TASK STATEMENT
For this task, copy all of the data below exactly and skip the pictures.

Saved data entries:
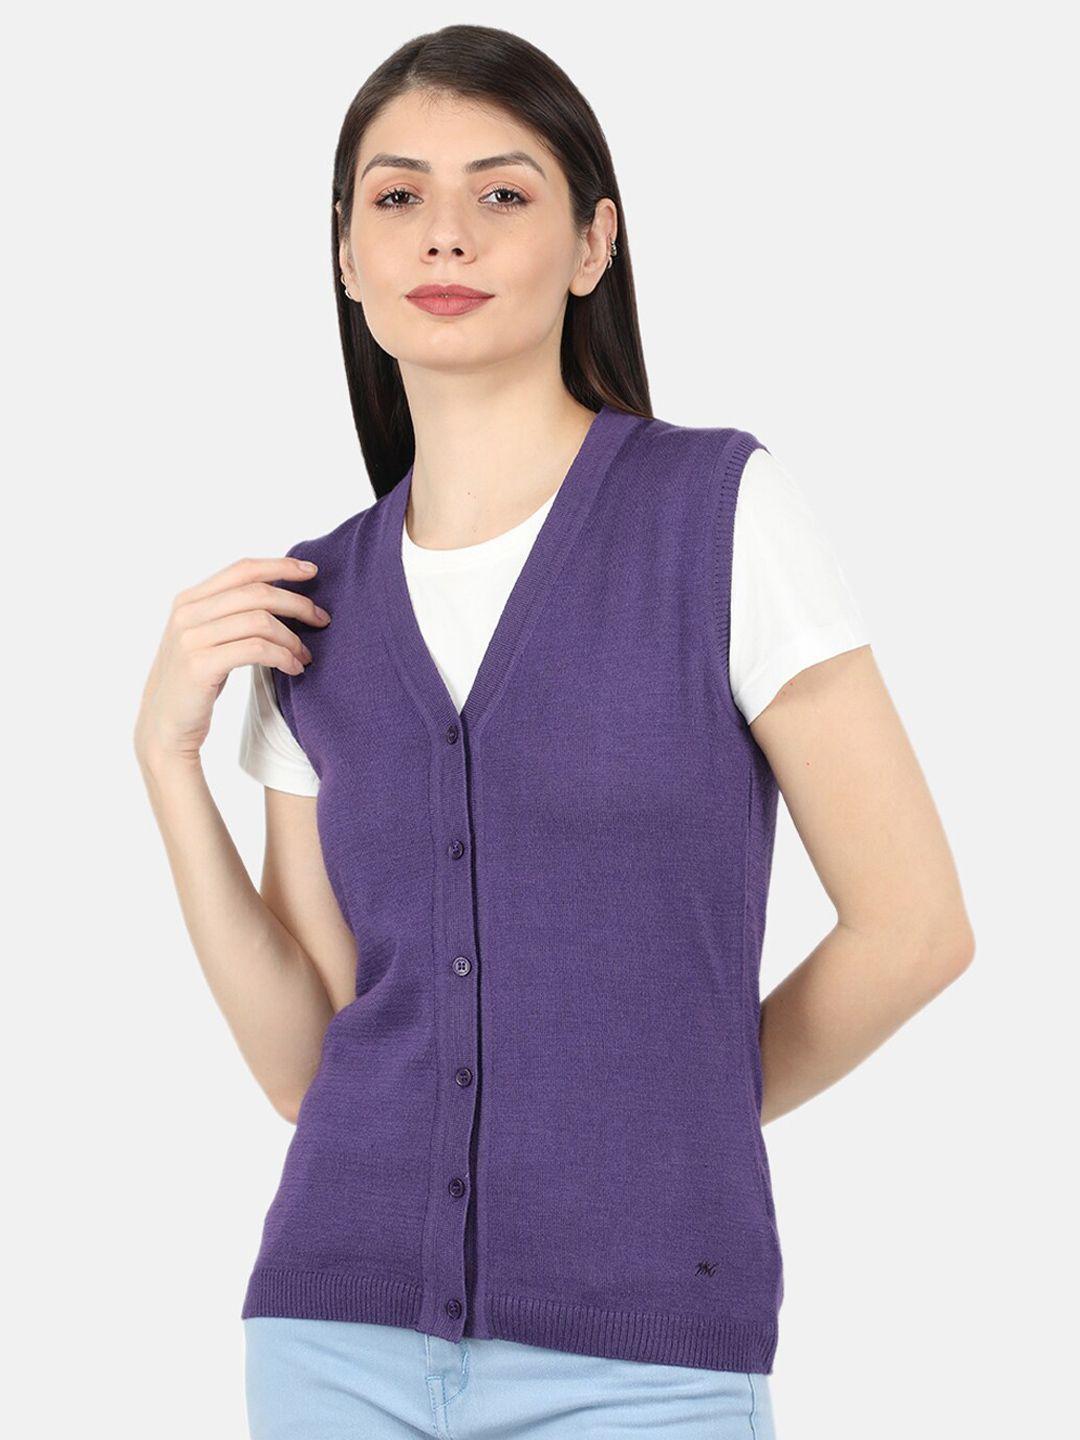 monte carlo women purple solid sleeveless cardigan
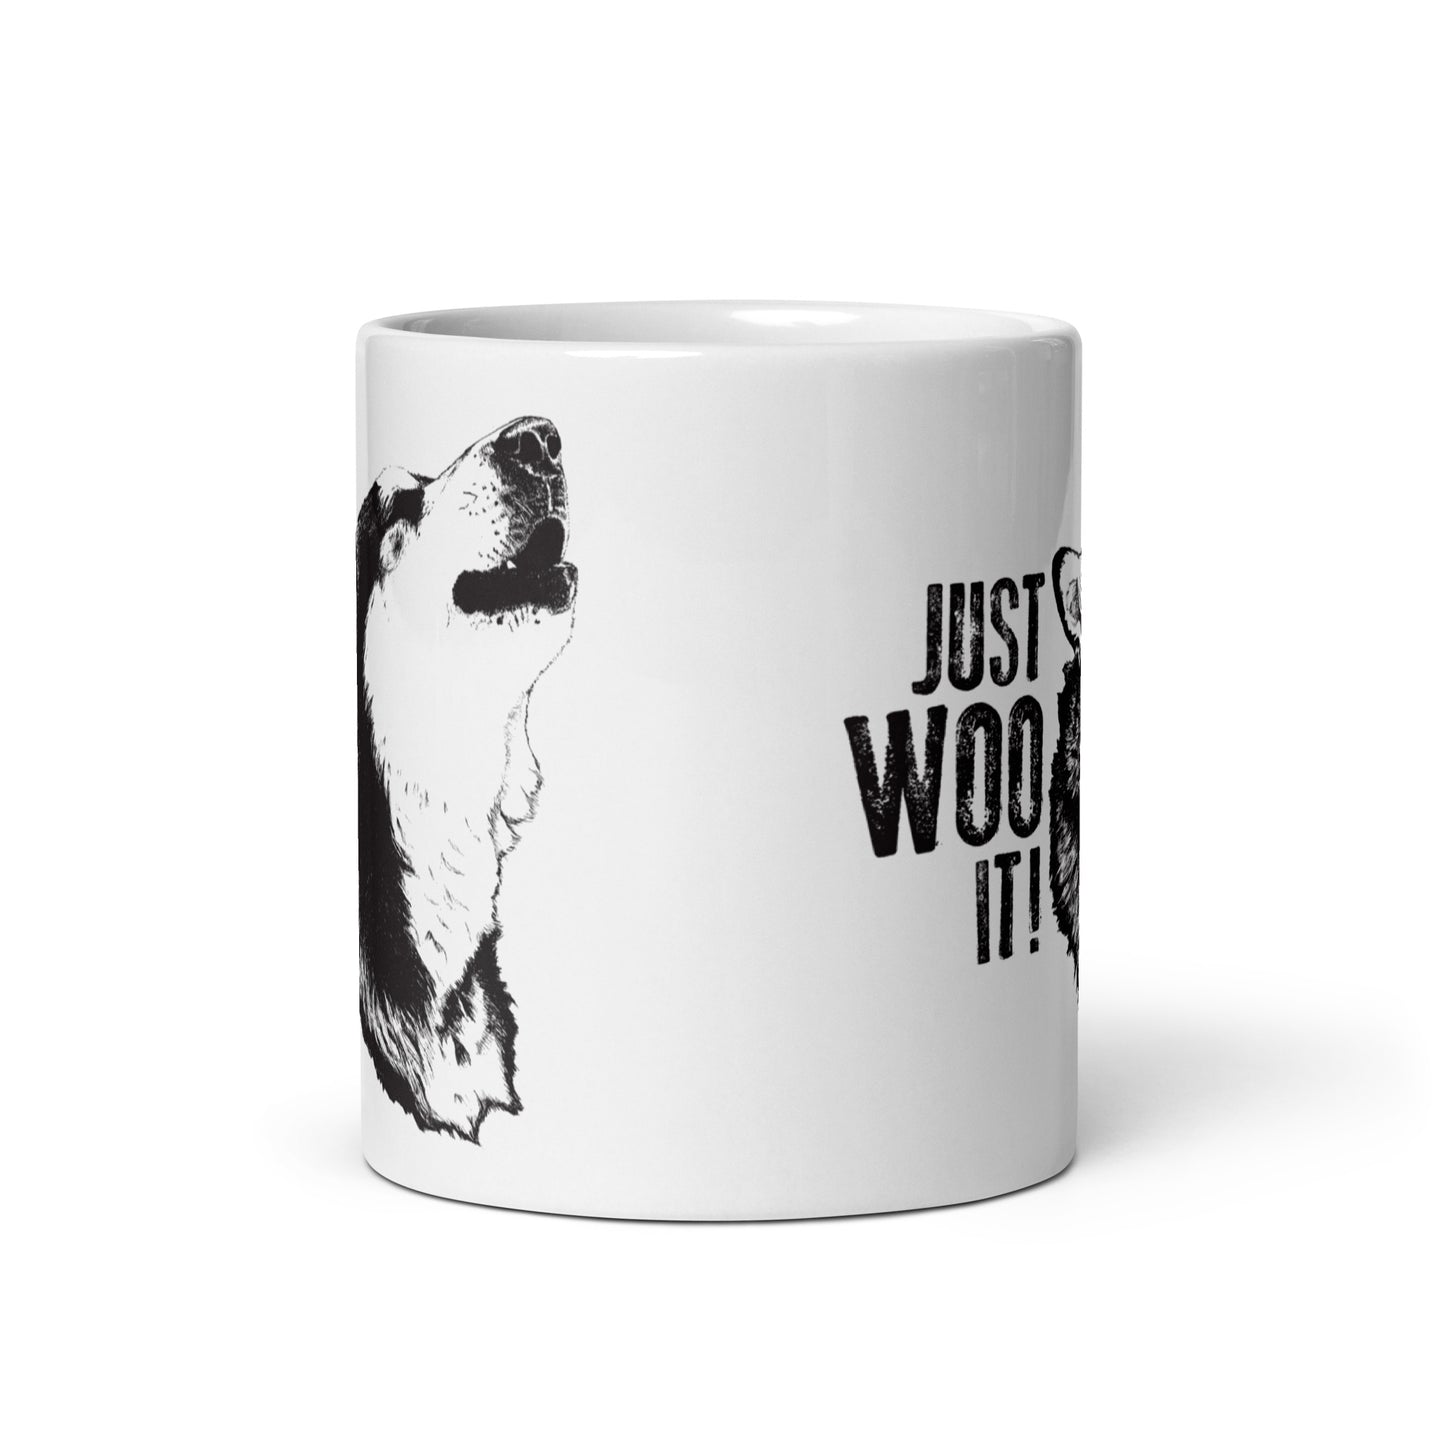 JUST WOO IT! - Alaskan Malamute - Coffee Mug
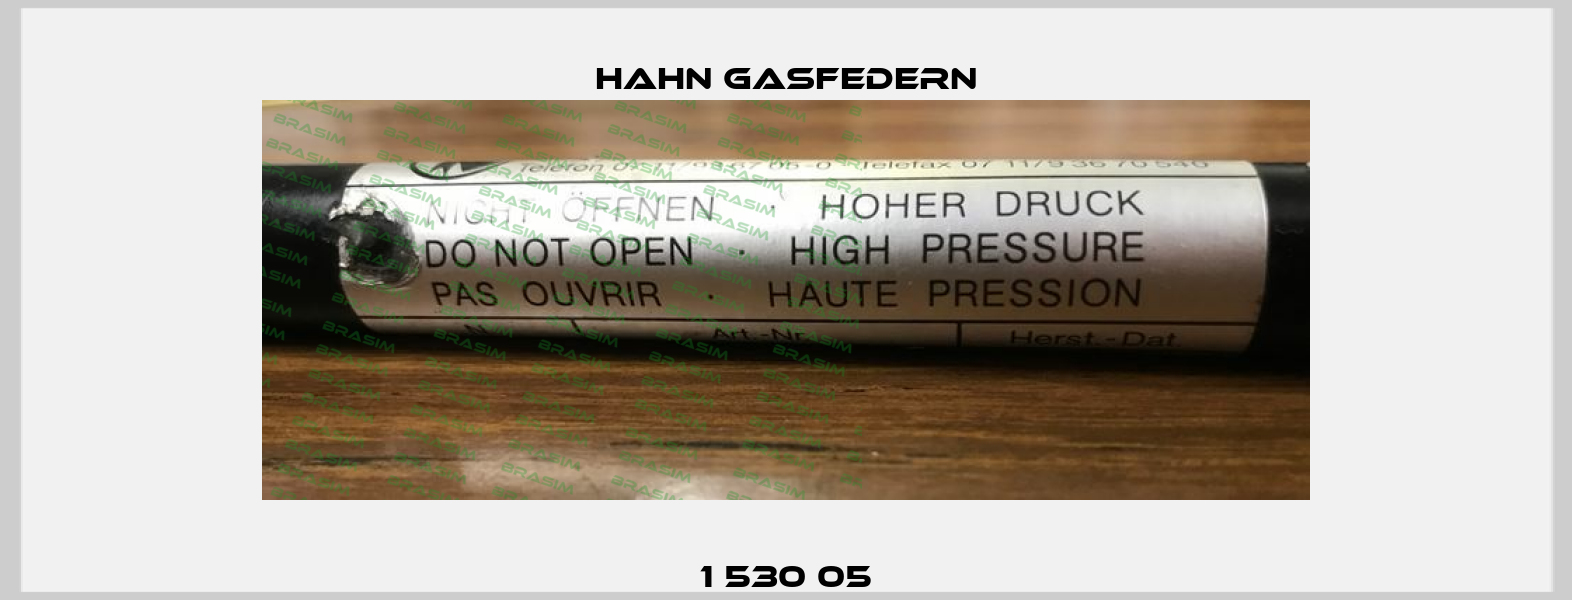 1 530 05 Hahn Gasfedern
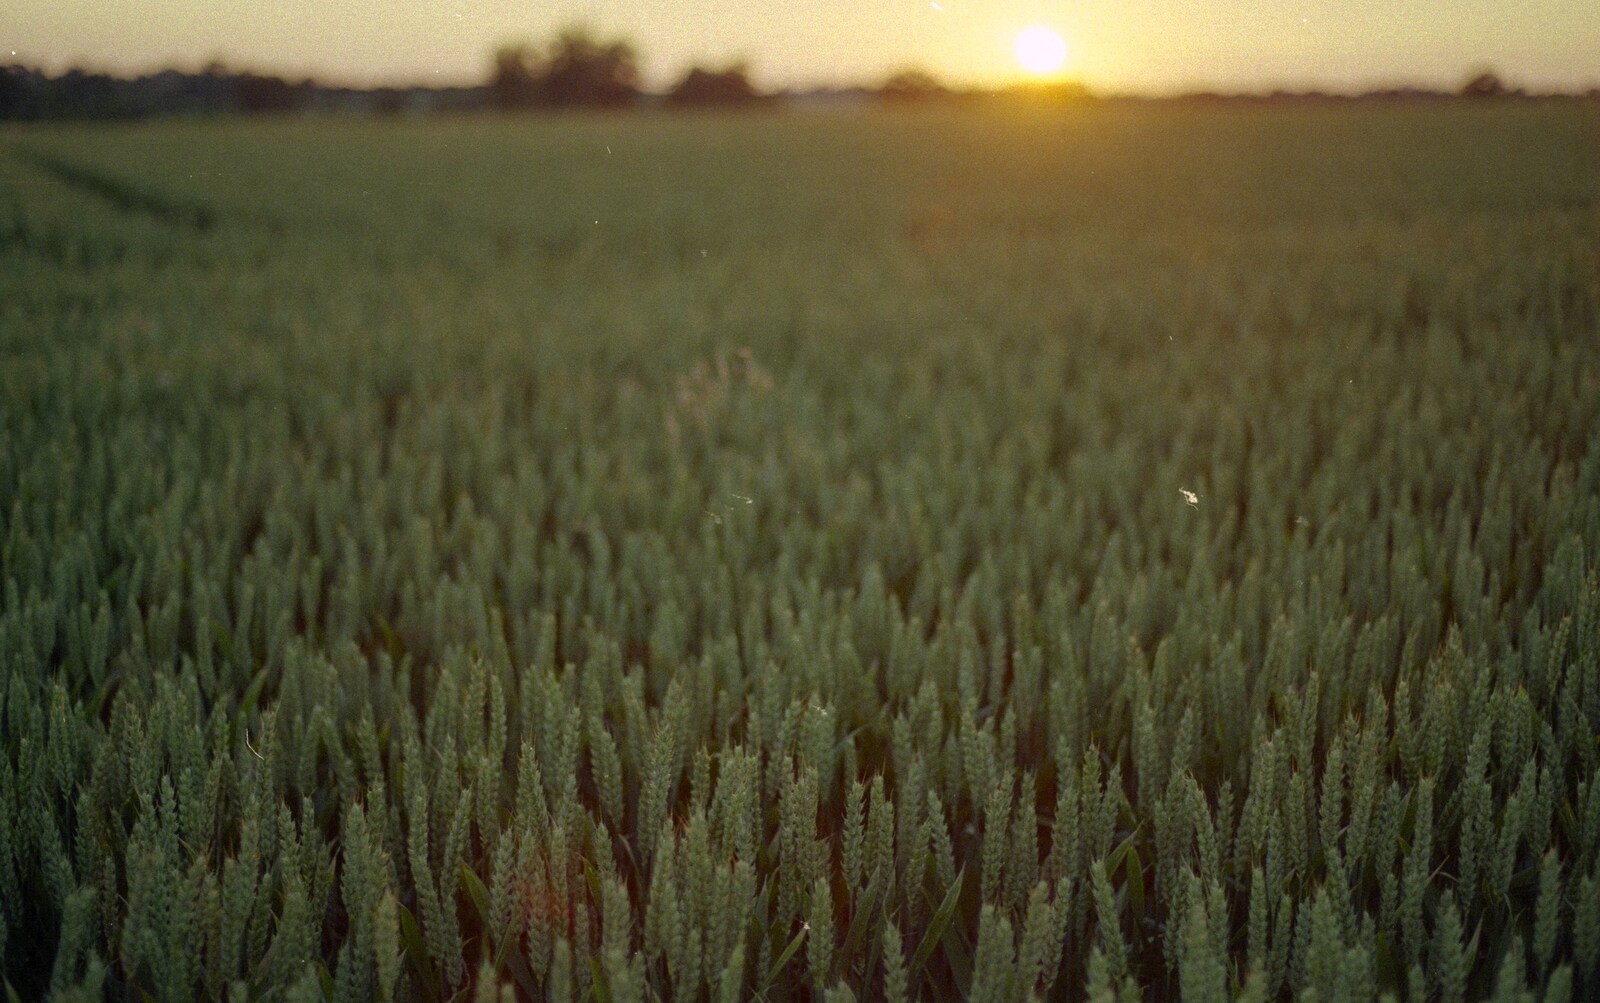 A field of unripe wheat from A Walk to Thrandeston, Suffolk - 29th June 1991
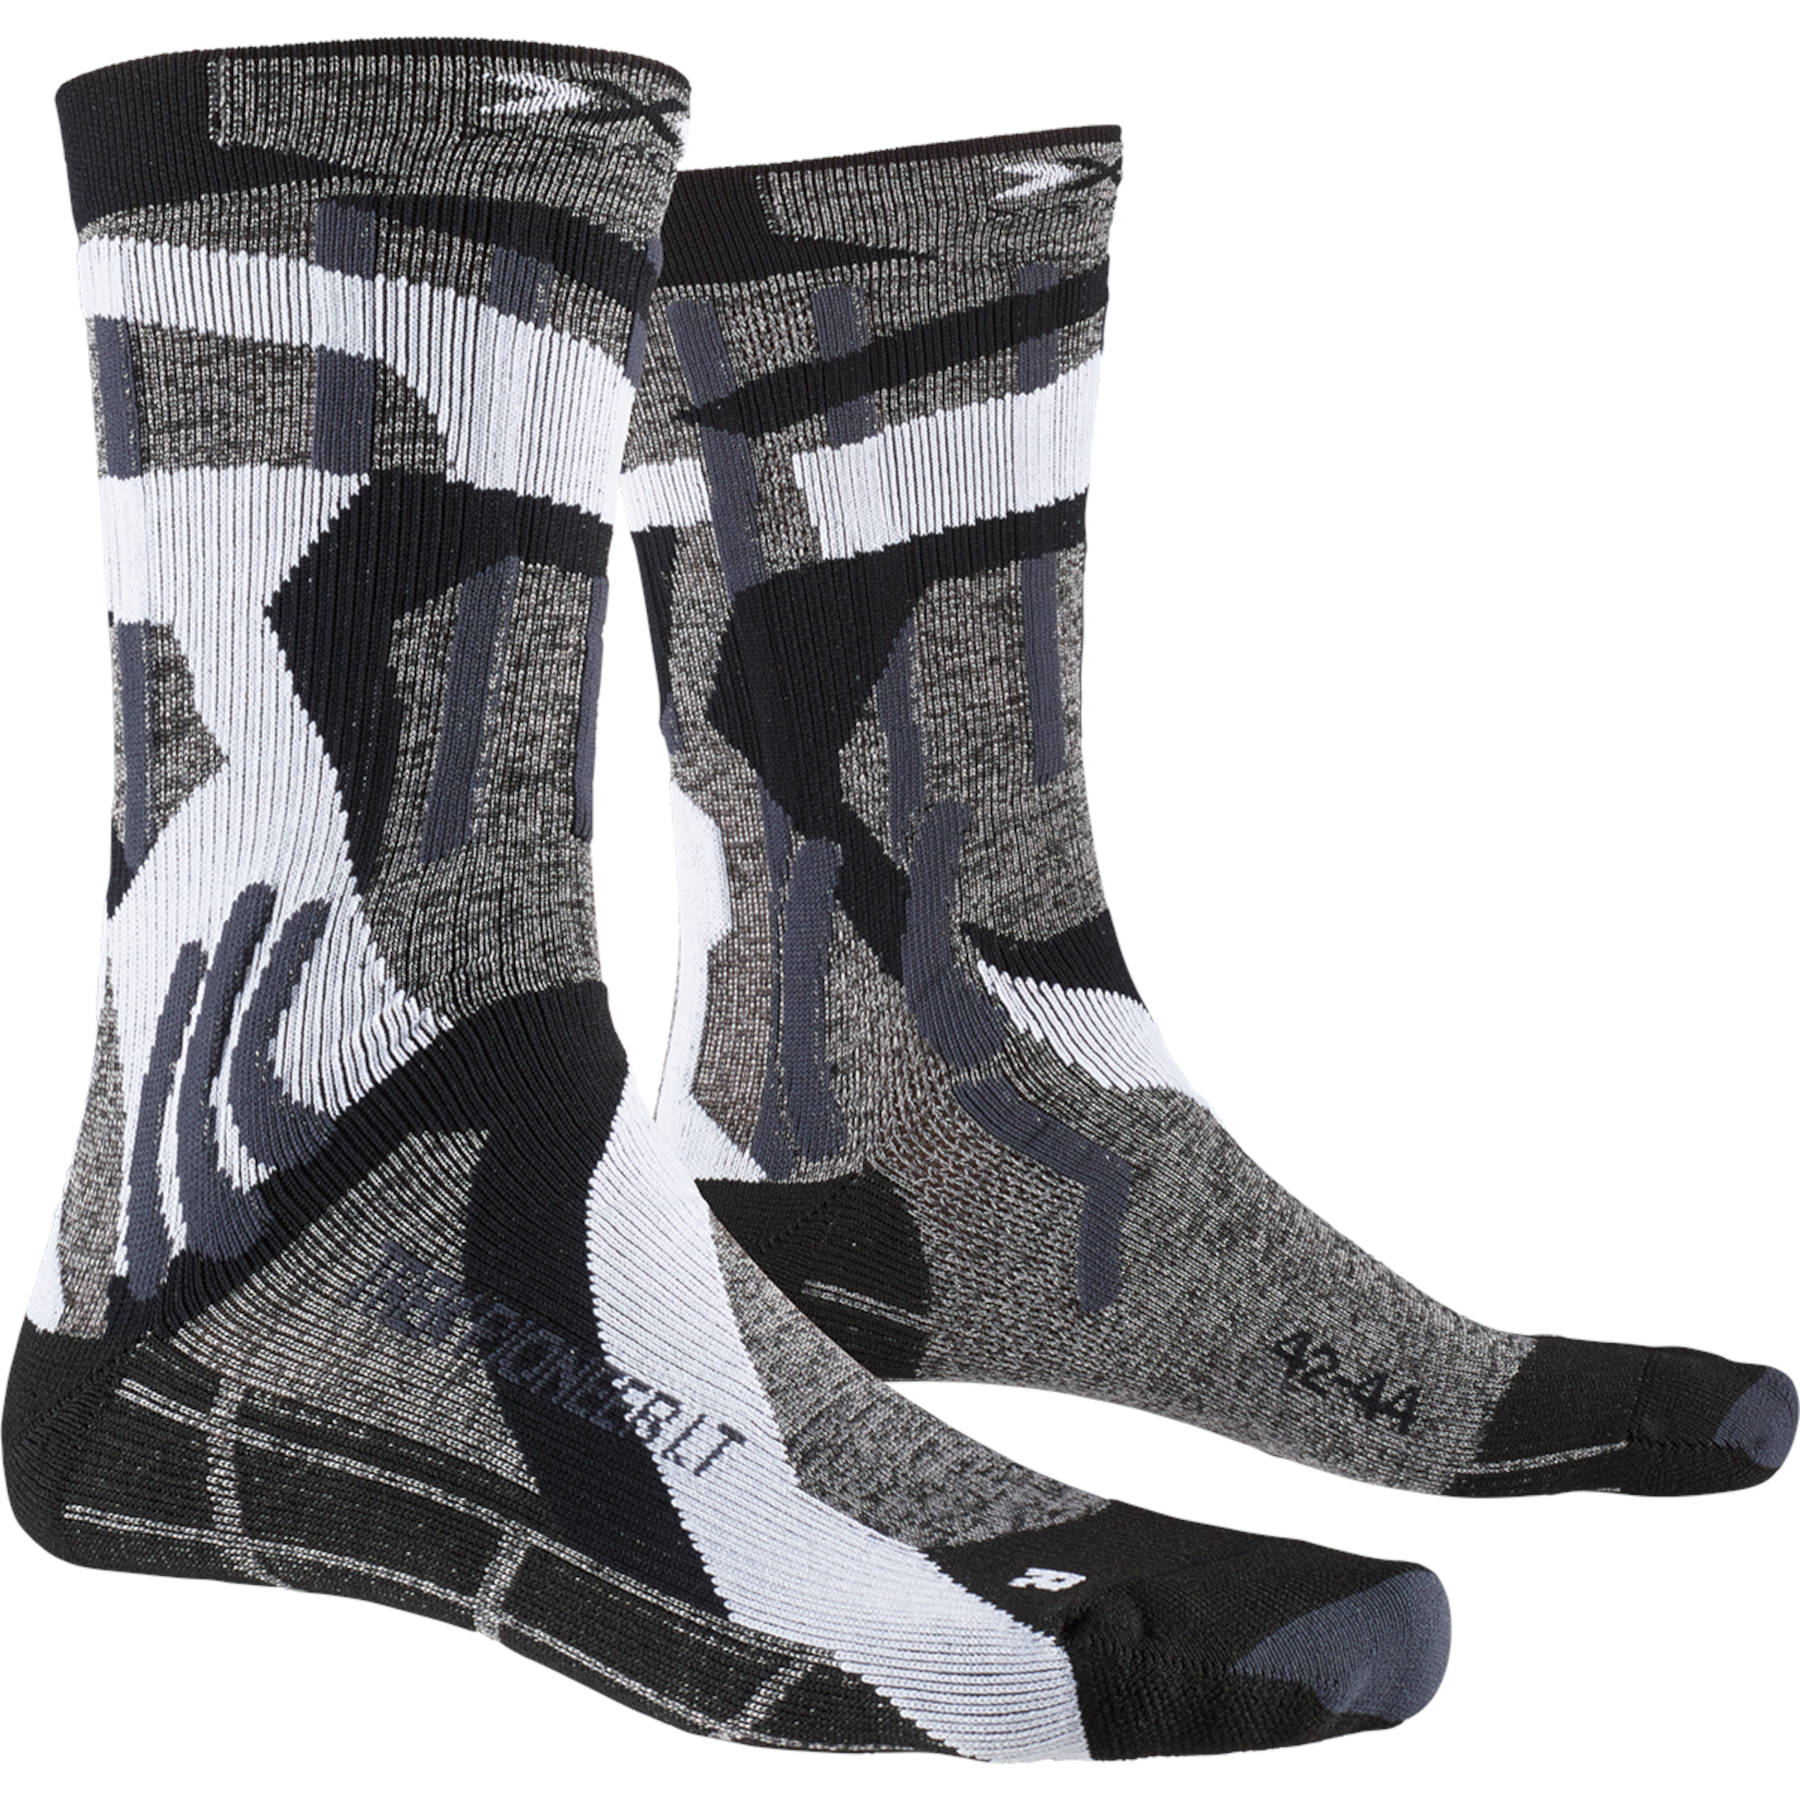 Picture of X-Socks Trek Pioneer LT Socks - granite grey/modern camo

SOLUTION FOR THIS EXERCISE
 monte carlo women purple solid sleeveless cardigan
 JUST WOO IT! - Alaskan Malamute - Coffee Mug
 1 530 05 Hahn Gasfedern
 A field of unripe wheat from A Walk to Thrandeston, Suffolk - 29th June 1991
 Picture of X-Socks Trek Pioneer LT Socks - granite grey/modern camo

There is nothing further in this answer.